-------- Listed entries
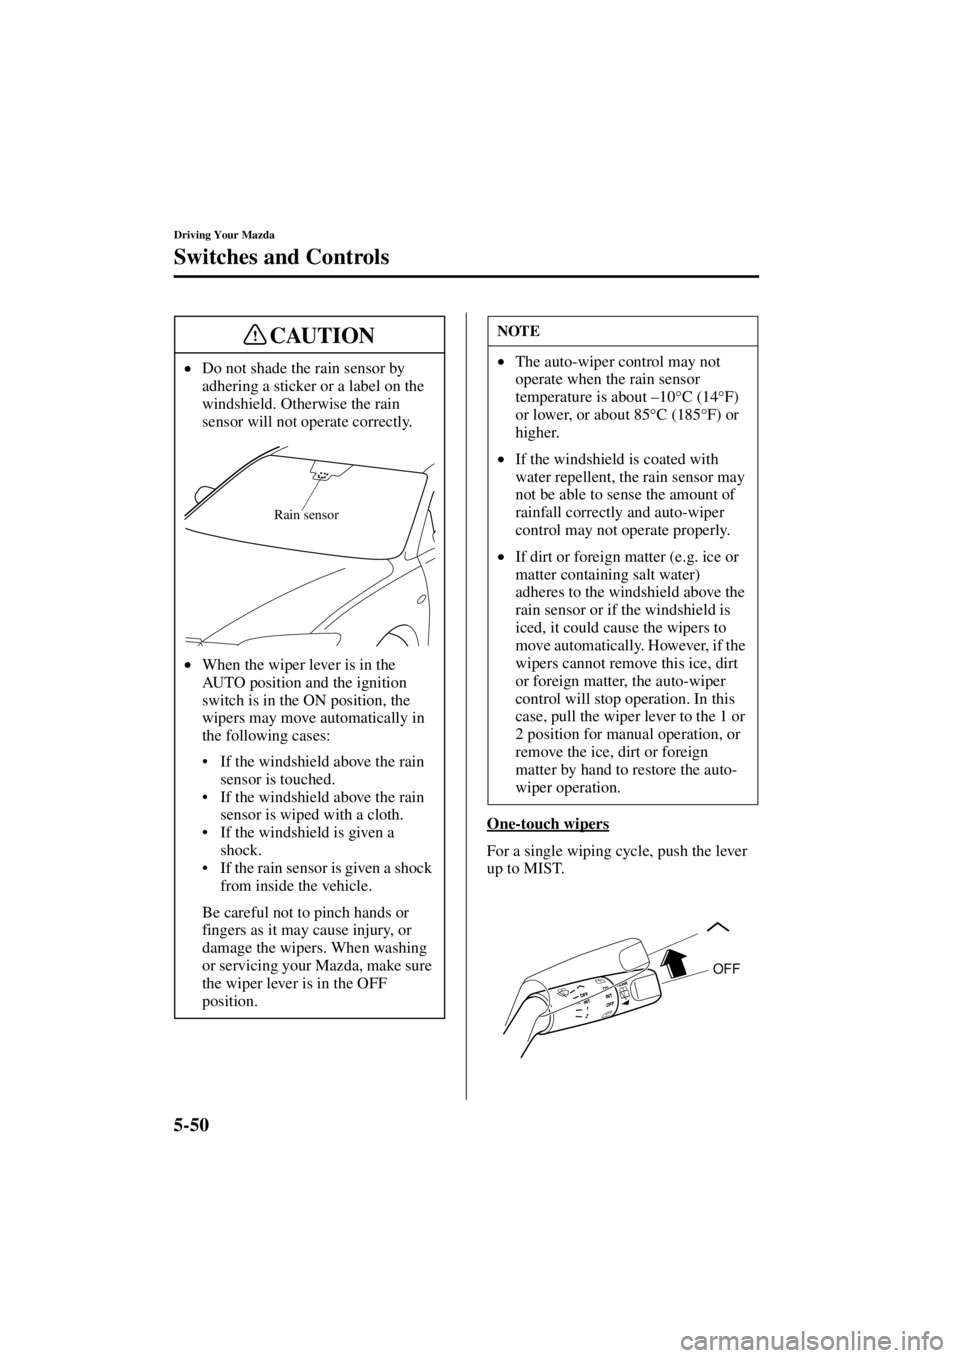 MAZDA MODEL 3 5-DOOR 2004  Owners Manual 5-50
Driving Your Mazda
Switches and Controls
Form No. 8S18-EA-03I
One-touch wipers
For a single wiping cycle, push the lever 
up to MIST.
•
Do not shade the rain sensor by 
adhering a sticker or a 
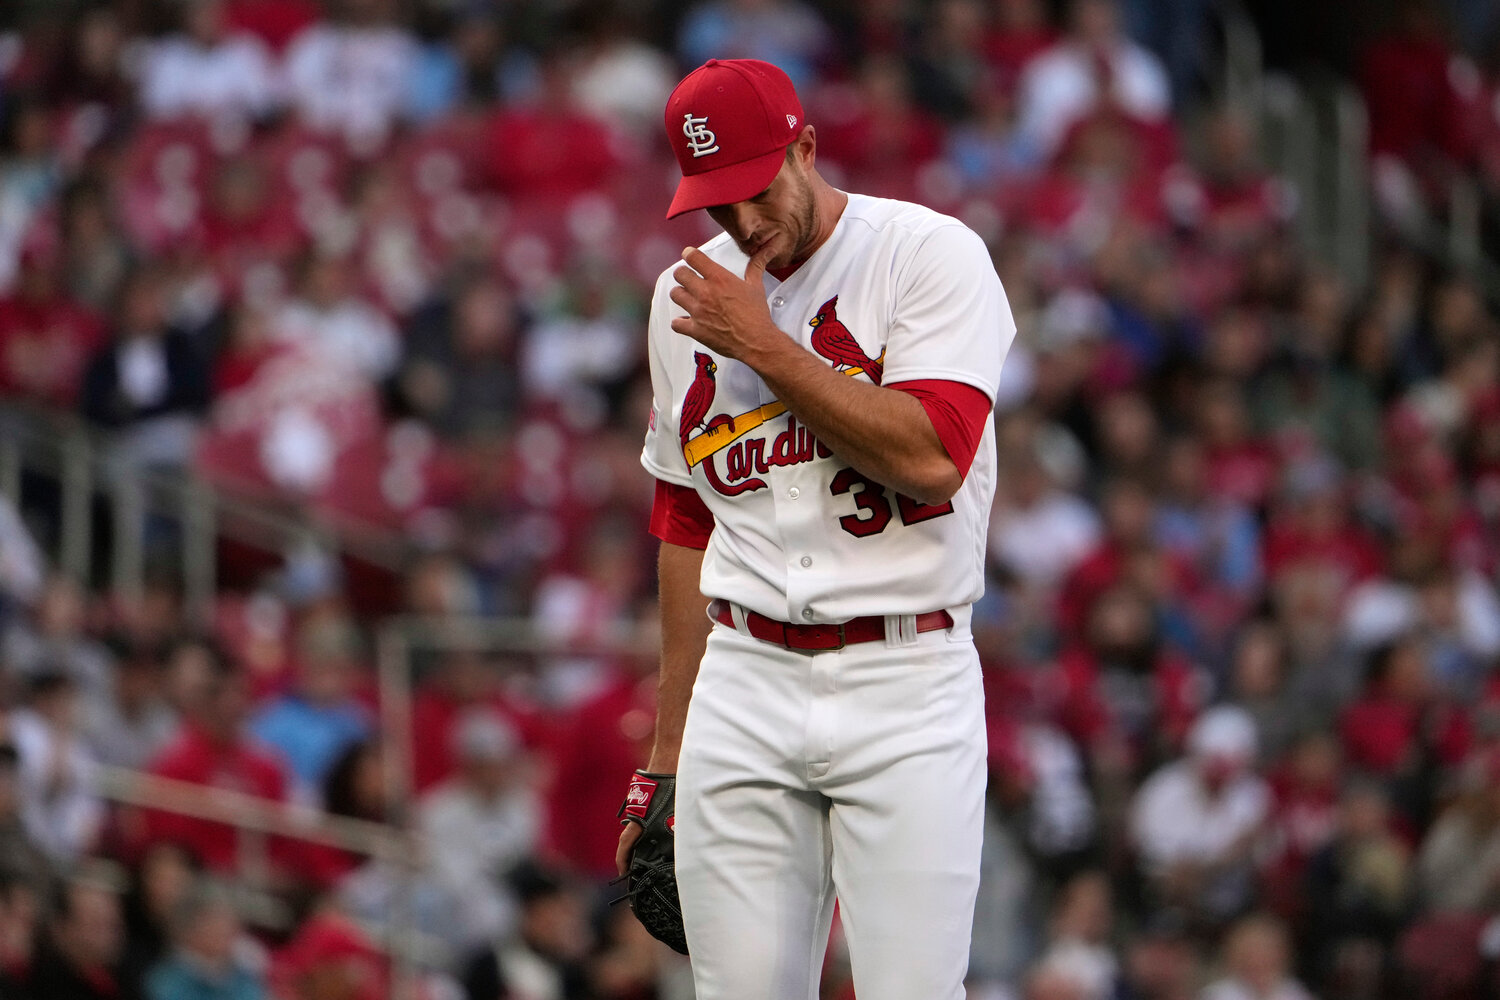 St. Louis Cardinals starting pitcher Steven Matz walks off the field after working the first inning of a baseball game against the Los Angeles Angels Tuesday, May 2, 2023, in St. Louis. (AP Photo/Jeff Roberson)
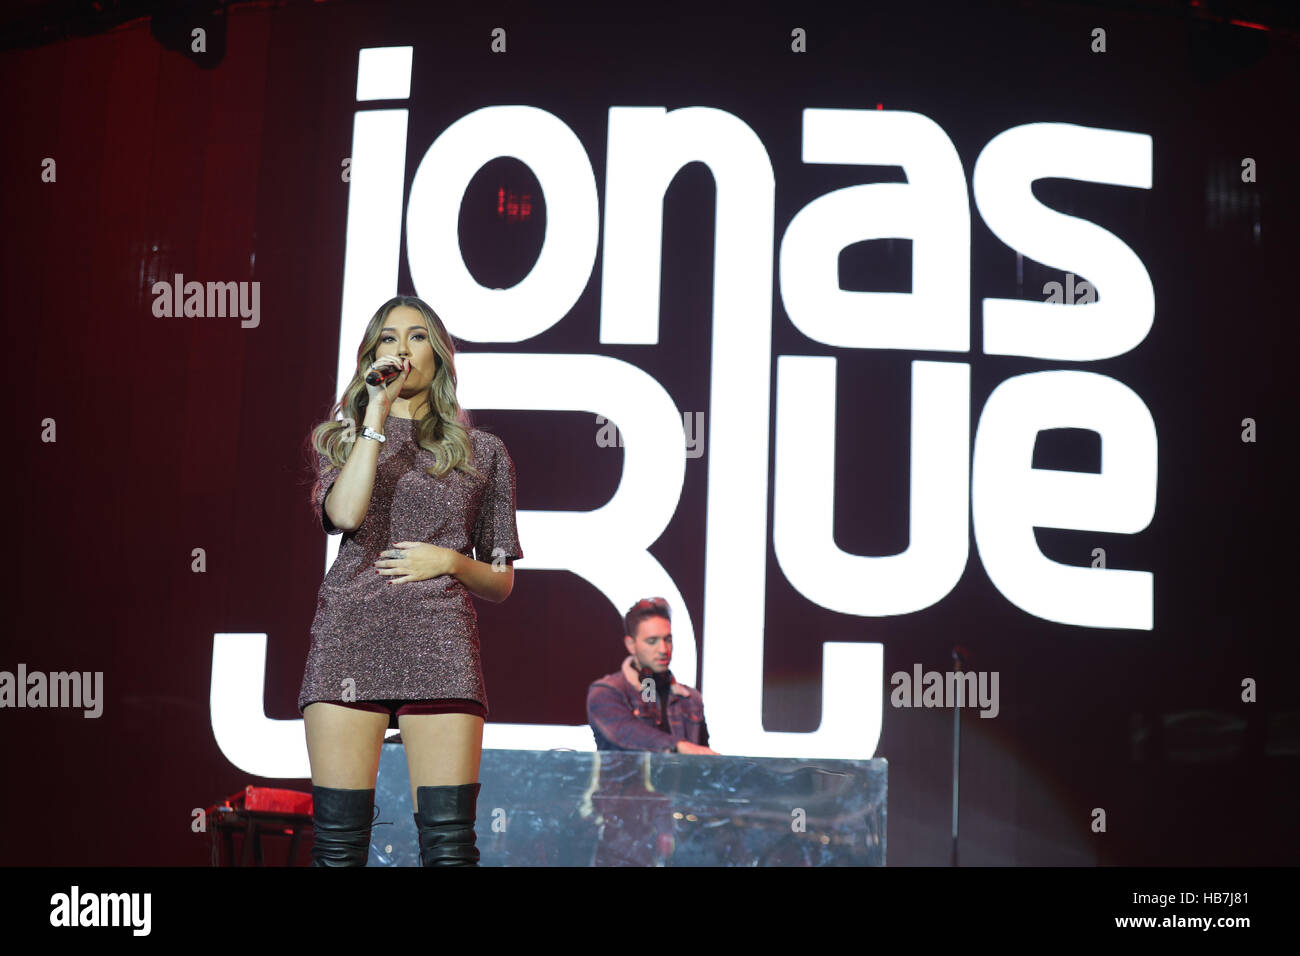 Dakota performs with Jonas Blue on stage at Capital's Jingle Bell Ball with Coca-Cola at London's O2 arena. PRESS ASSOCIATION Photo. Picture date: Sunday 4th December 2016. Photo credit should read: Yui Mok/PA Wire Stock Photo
----------------
→ Directions
Your answer must be the entries repeated exactly, with no pictures.

→ Response box
 MAZDA MODEL 3 5-DOOR 2004  Owners Manual 5-50
Driving Your Mazda
Switches and Controls
Form No. 8S18-EA-03I
One-touch wipers
For a single wiping cycle, push the lever 
up to MIST.
•
Do not shade the rain sensor by 
adhering a sticker or a 
 St. Louis Cardinals starting pitcher Steven Matz walks off the field after working the first inning of a baseball game against the Los Angeles Angels Tuesday, May 2, 2023, in St. Louis. (AP Photo/Jeff Roberson)
 Dakota performs with Jonas Blue on stage at Capital's Jingle Bell Ball with Coca-Cola at London's O2 arena. PRESS ASSOCIATION Photo. Picture date: Sunday 4th December 2016. Photo credit should read: Yui Mok/PA Wire Stock Photo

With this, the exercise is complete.